Упав на колени, я схватила ребёнка в охапку:
― Маленький… Как же ты тут оказался?! Где твои родители?― приговаривала я, прижимая его к себе и поглаживая по спинке.― Ах, ты ж мой хороший!― не переставая, я тискала его, а малыш, вцепившись мне в волосы малюсенькими пальчиками, захлюпал носом и заревел.
― Тихо, тихо, маленький, тихо… успокойся, не плачь. Я с тобой, ты не один, я рядом, ничего плохого не случится…― пыталась я его успокоить, да и себя тоже. Не переставая гладить, я поднялась и начала оглядываться, держа ребёнка на руках: «Что же делать? Где, кого искать? Не может быть, чтобы он был здесь один!»
― Эй, э-э-эй, люди!― завопила я.― Кто-нибудь?! Э-э-эй! Кто дитё потерял?! Кто-нибудь!― я кричала, пока не охрипла. Но ответа не получила. Река тихонько текла, ветер шелестел листвой ― вокруг слышались только обычные звуки леса. Пока я кричала, малышок затих, но держался за меня ещё крепче.
― Что ж с тобой делать?― я опустилась на траву, держать ребёнка было тяжеловато. Малыш был красивый, хоть и грязный, только непонятно мальчик или девочка. Приподняв его замурзанное личико, я улыбнулась и спросила:
― Ты кто? И как тебя зовут?― естественно, что на ответ я не рассчитывала, просто продолжала разговаривать и улыбаться.― Вот меня,― я ткнула пальцем в себя,― зовут Карина. А как тебя зовут, маленький?
Ребёнок рассматривал меня, не разжимая ручонок, и через несколько секунд выдал:
― Та-ма!― и при этом так солнечно улыбнулся, показав маленькие зубки, что от умиления навернулись слёзы.
― Ну тама, так тама!― опять притянув его к себе, я соображала как поступить.
«Такой маленький ребёнок не мог уйти далеко, значит, где-то рядом есть селение, хотя Дайк говорил, что хорошо обжитые земли начнутся ещё через пару дней пути от реки и по другую сторону. Но кто знает…― я почесала нос,― как я шла и правильно ли держала направление? Возможно, я сократила путь или отклонилась в сторону, но в любом случае факт остаётся фактом: на руках ребёнок и нужно искать людей или вместе с ним идти дальше».

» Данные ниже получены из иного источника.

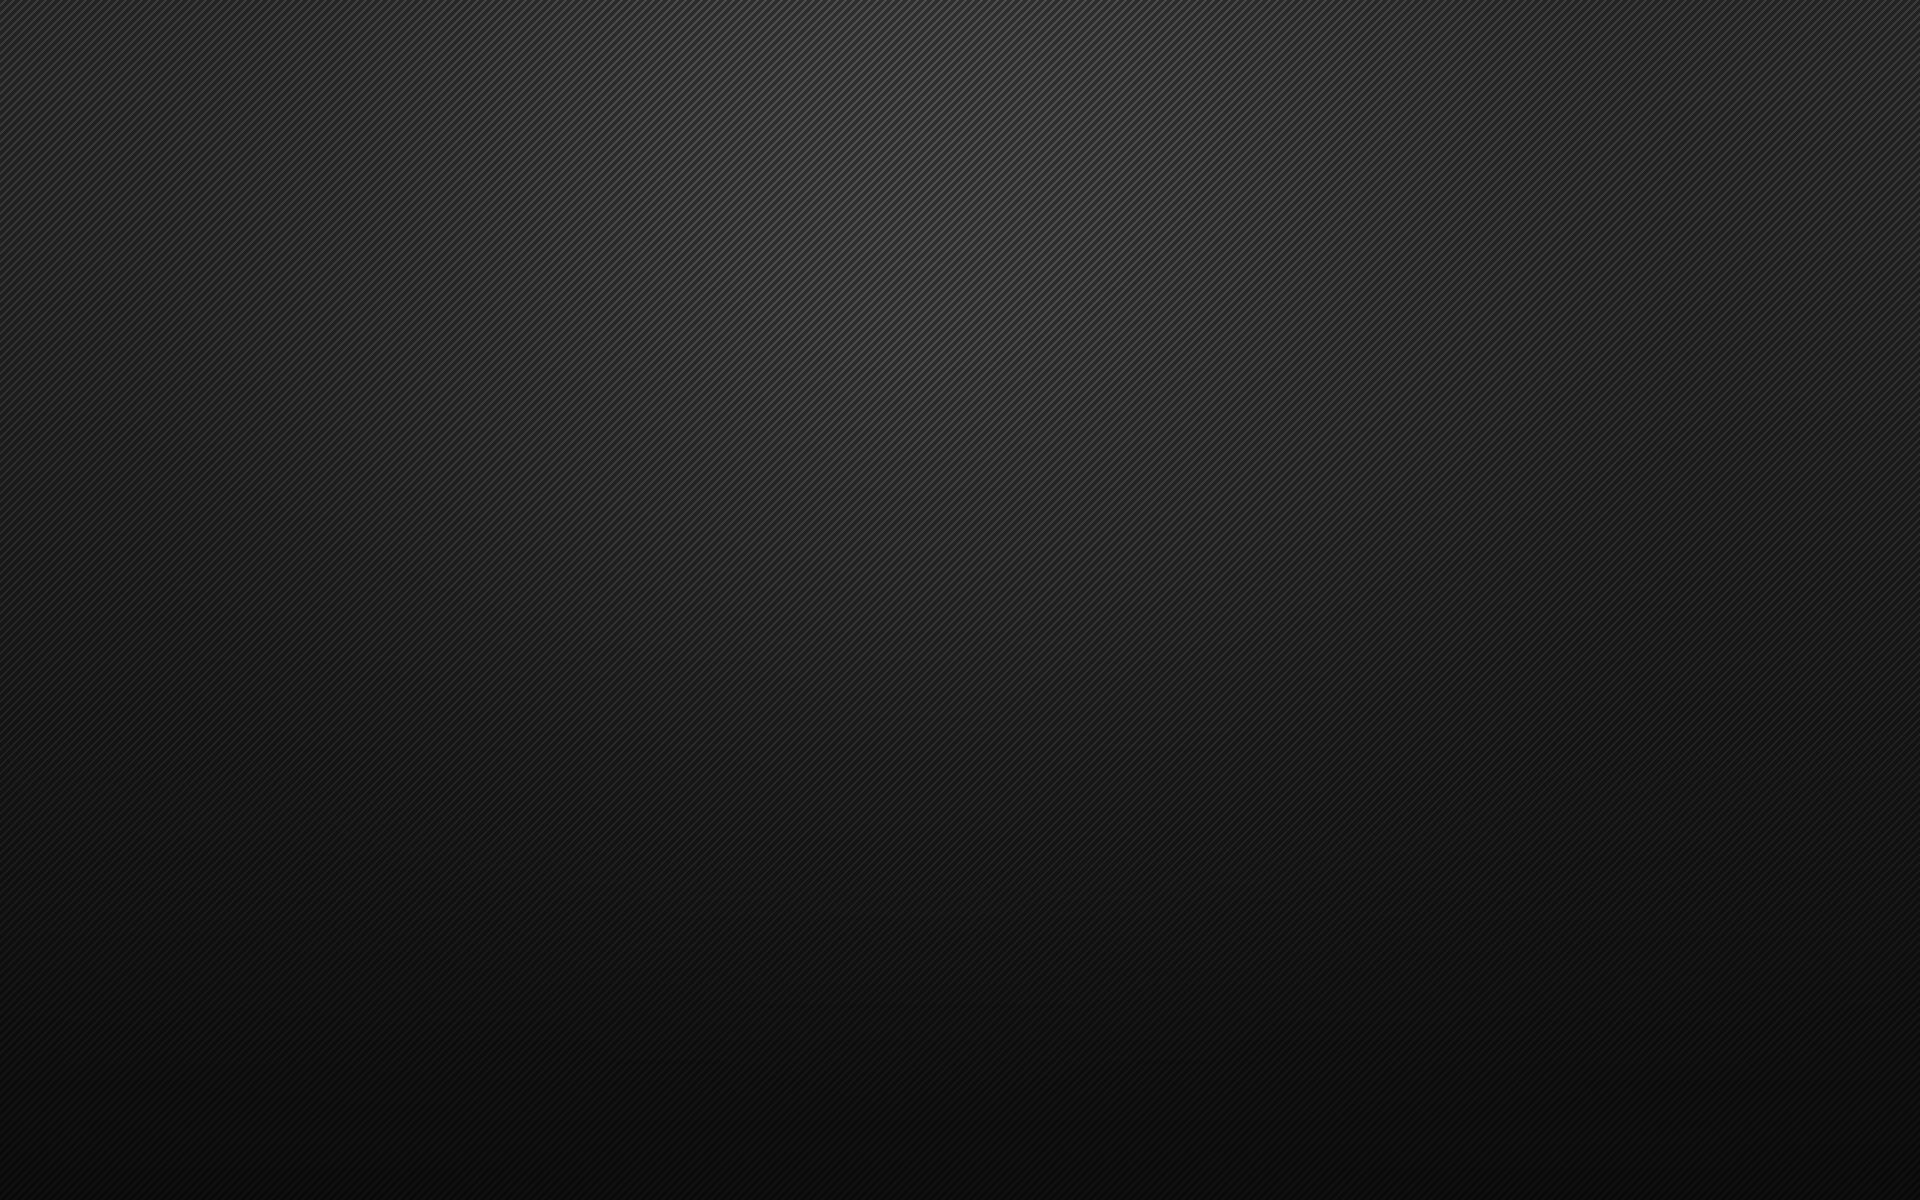 Plain Black Desktop Wallpaper

Пока я так размышляла, малыш пригрелся и заснул, но пальчики продолжали крепко держаться за мою рубашку. Я вгляделась внимательней и слегка ощупала детское тельце: он не был тощим, но и пухленьким его никак нельзя было назвать, если и потерялся, то не очень давно. Рубашечка из плотной, но мягкой ткани грязно-серого цвета с длинными рукавами и тёмно-коричневые штанишки, порванные в нескольких местах, сквозь дыры в которых просвечивала нежная смугловатая кожа. На одной ножке был обут коротенький сапожок или ботиночек с завязками, а другая босая. Не считая нескольких царапин и укусов насекомых, других видимых повреждений не было. В темных всклокоченных волосах, от которых пахло тиной, застряло несколько слизких водорослей. «Ребёнок был в воде!― уверилась я.― И как только не утонул! В рубашке родился, наверно».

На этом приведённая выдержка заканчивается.